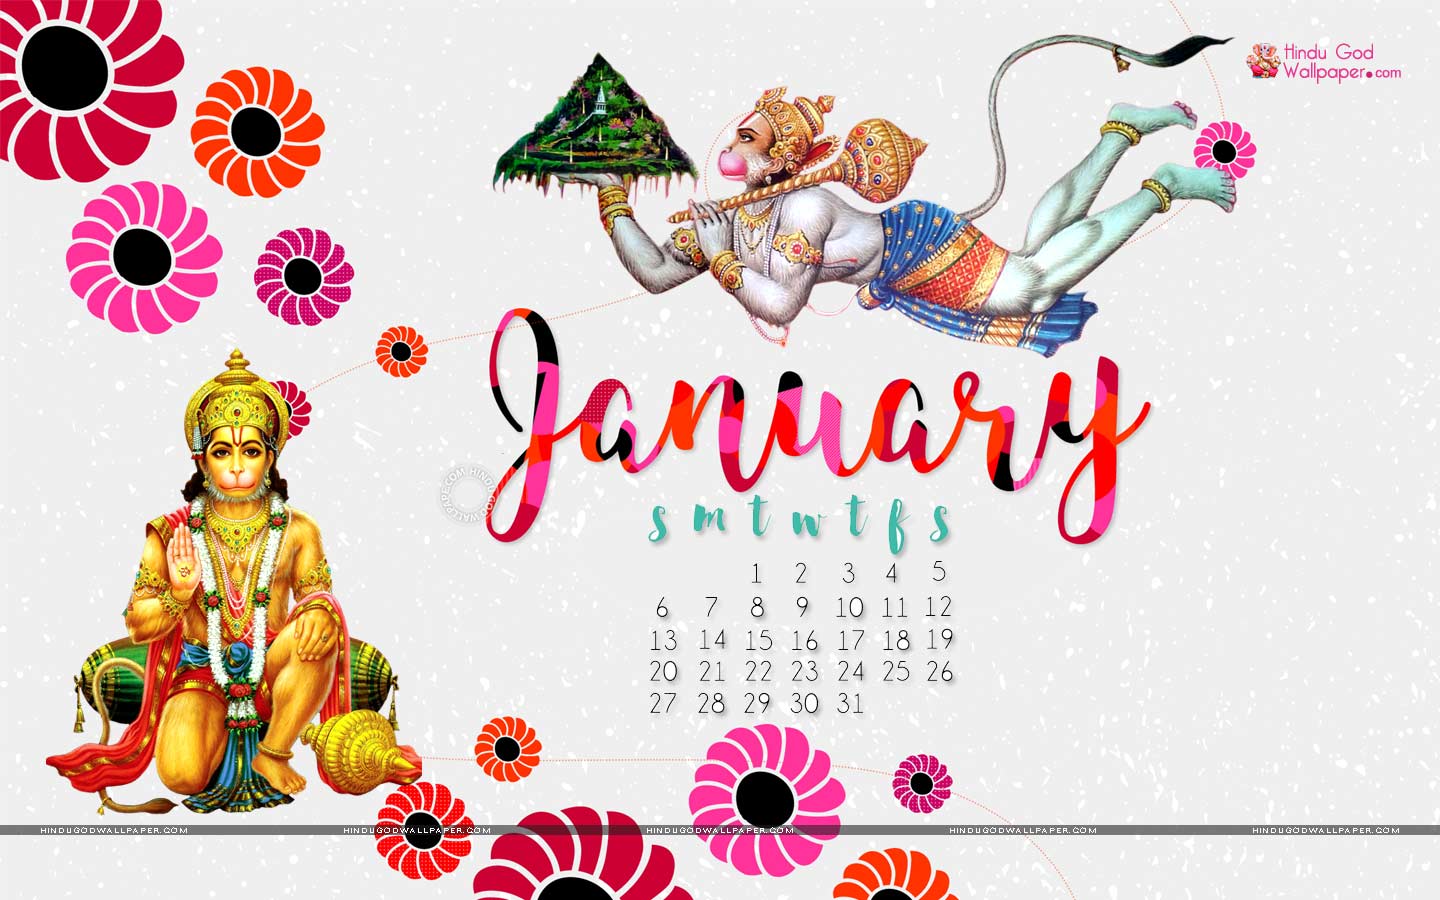 January 2019 Calendar Wallpaper for Desktop Background Free Download
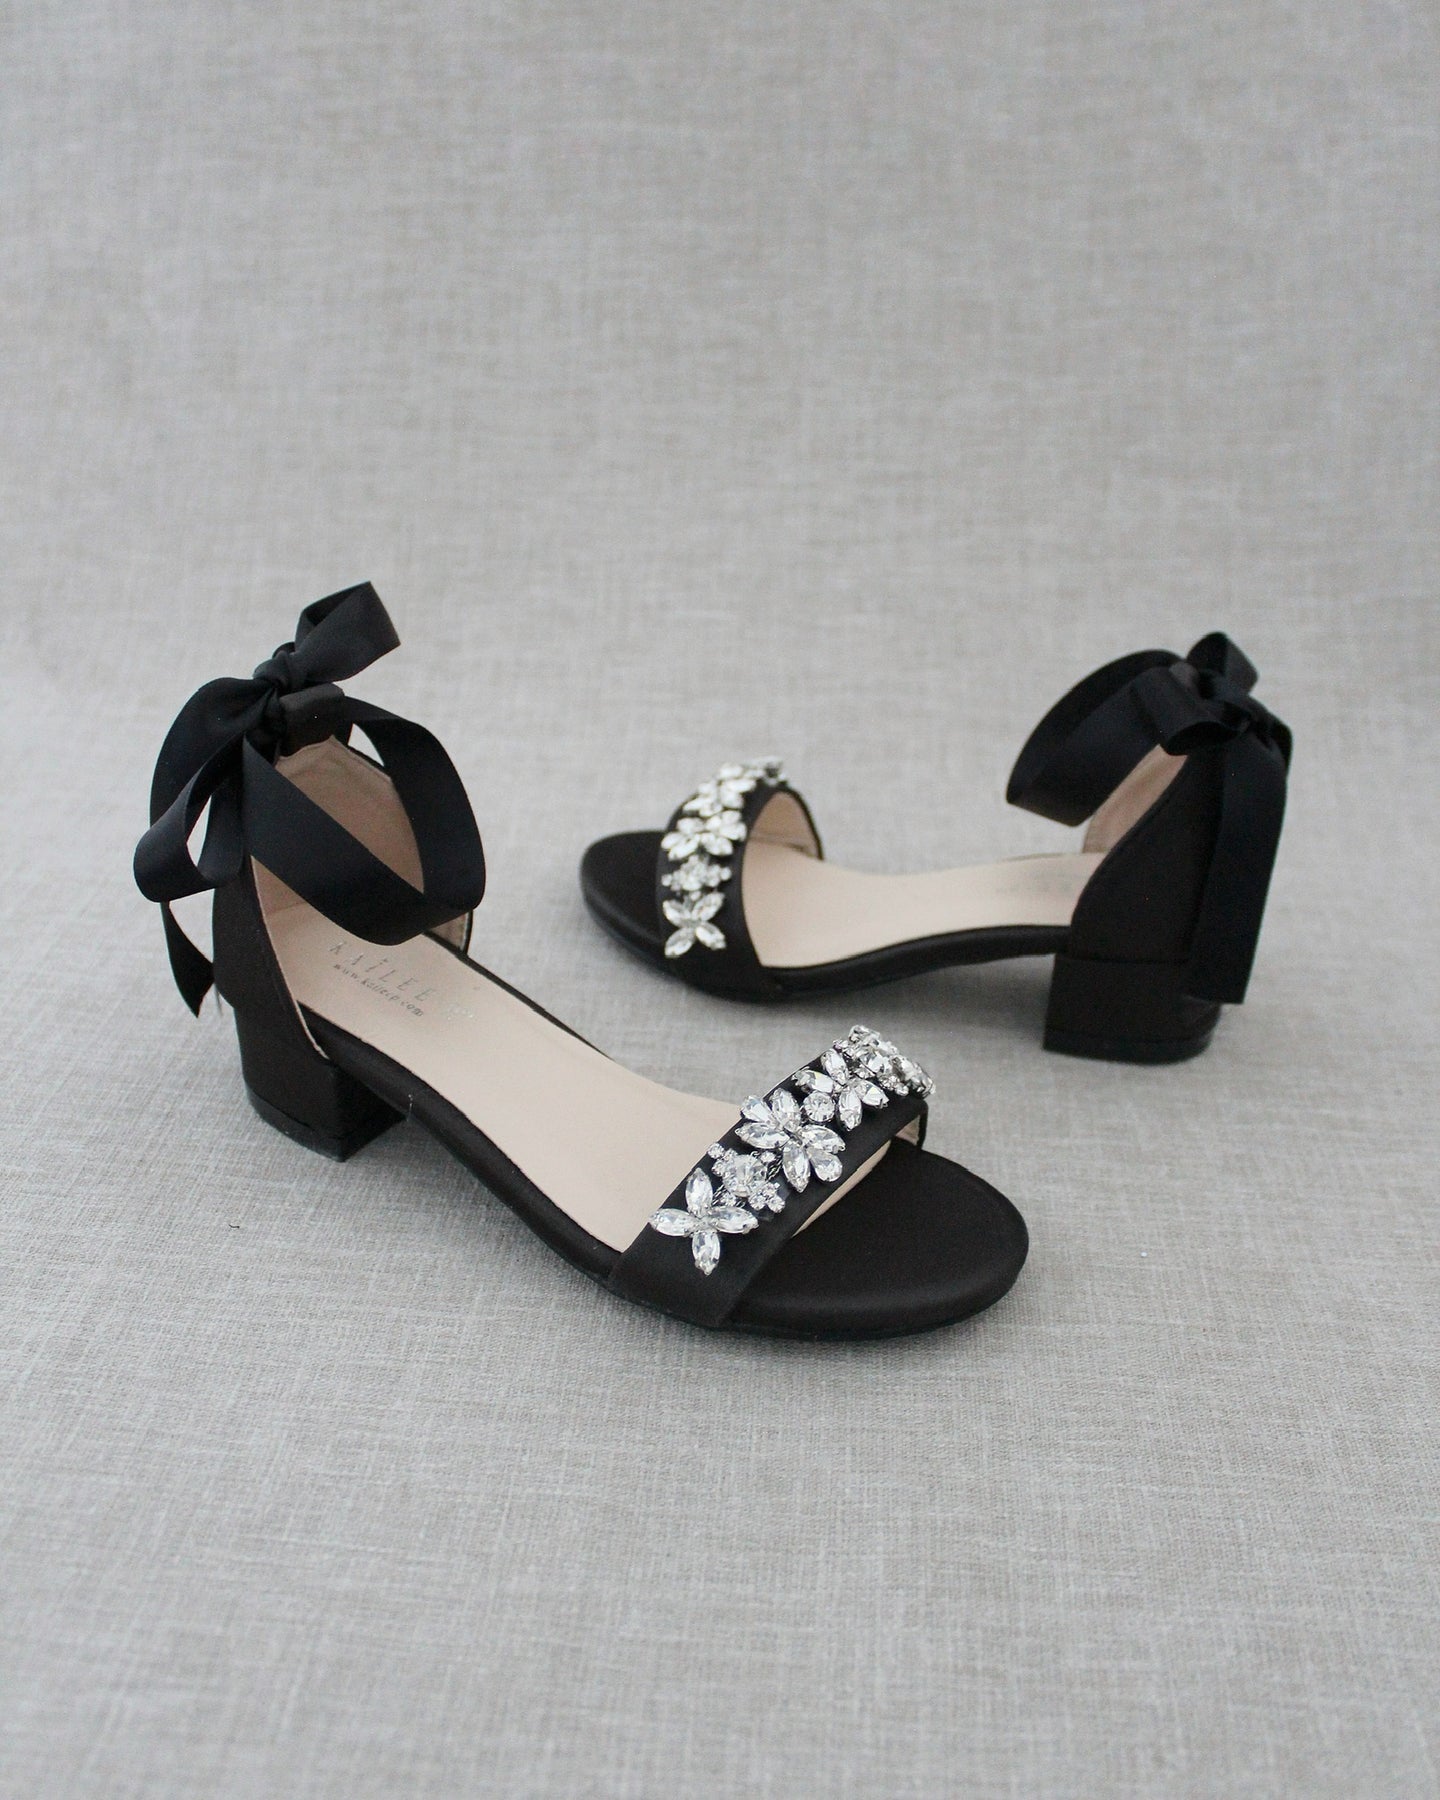 Buy Women Silver Casual Sandals Online | SKU: 40-67-27-37-Metro Shoes
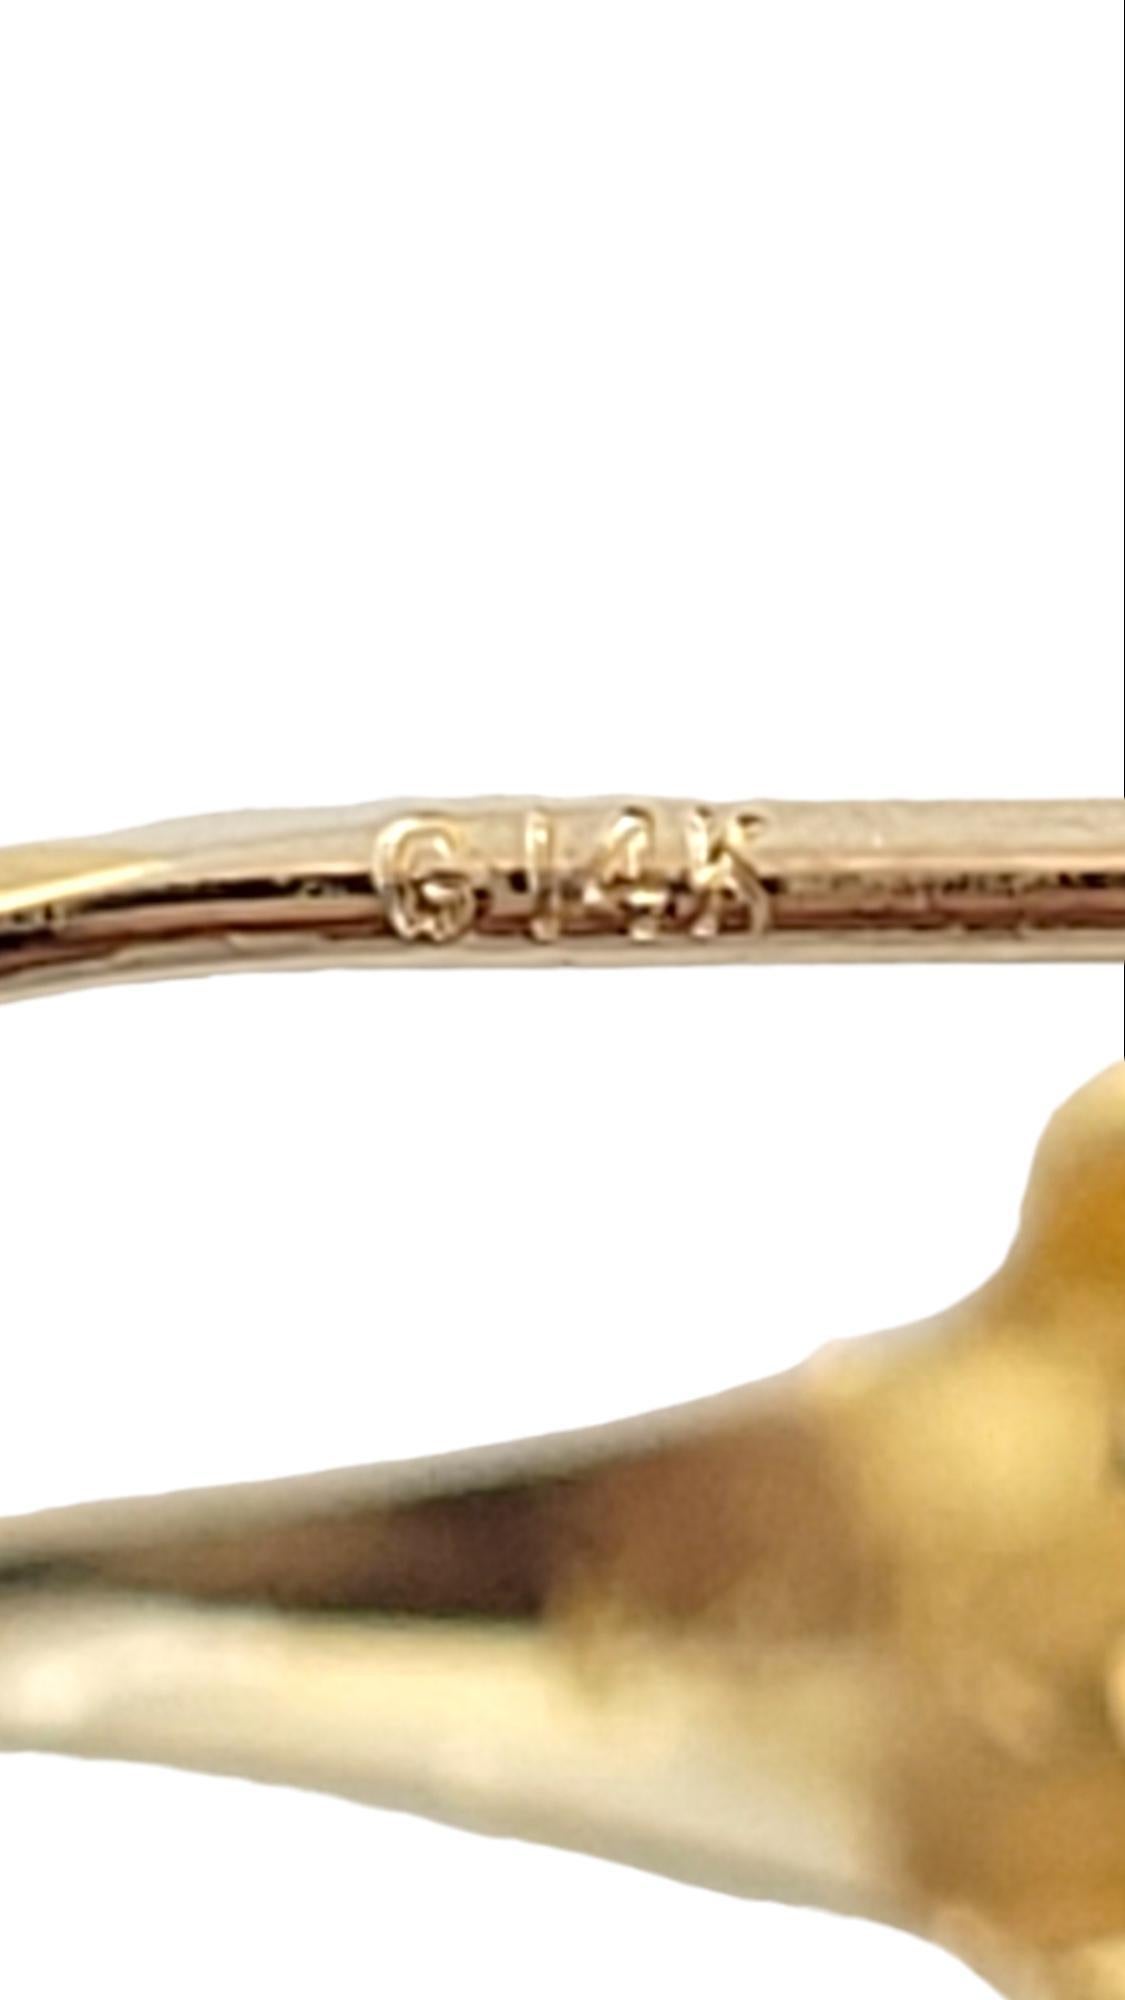 14K Yellow Gold X Stud Earrings w/ Lever Backs #15888 For Sale 1

------------------------------

*WHAT YOU SHOULD DO:* Please copy the data shown above word for word, omitting the pictures.

*ANSWER AREA:*
 January 2019 Calendar Wallpaper for Desktop Background Free Download
 Buy Women Silver Casual Sandals Online | SKU: 40-67-27-37-Metro Shoes
 14K Yellow Gold X Stud Earrings w/ Lever Backs #15888 For Sale 1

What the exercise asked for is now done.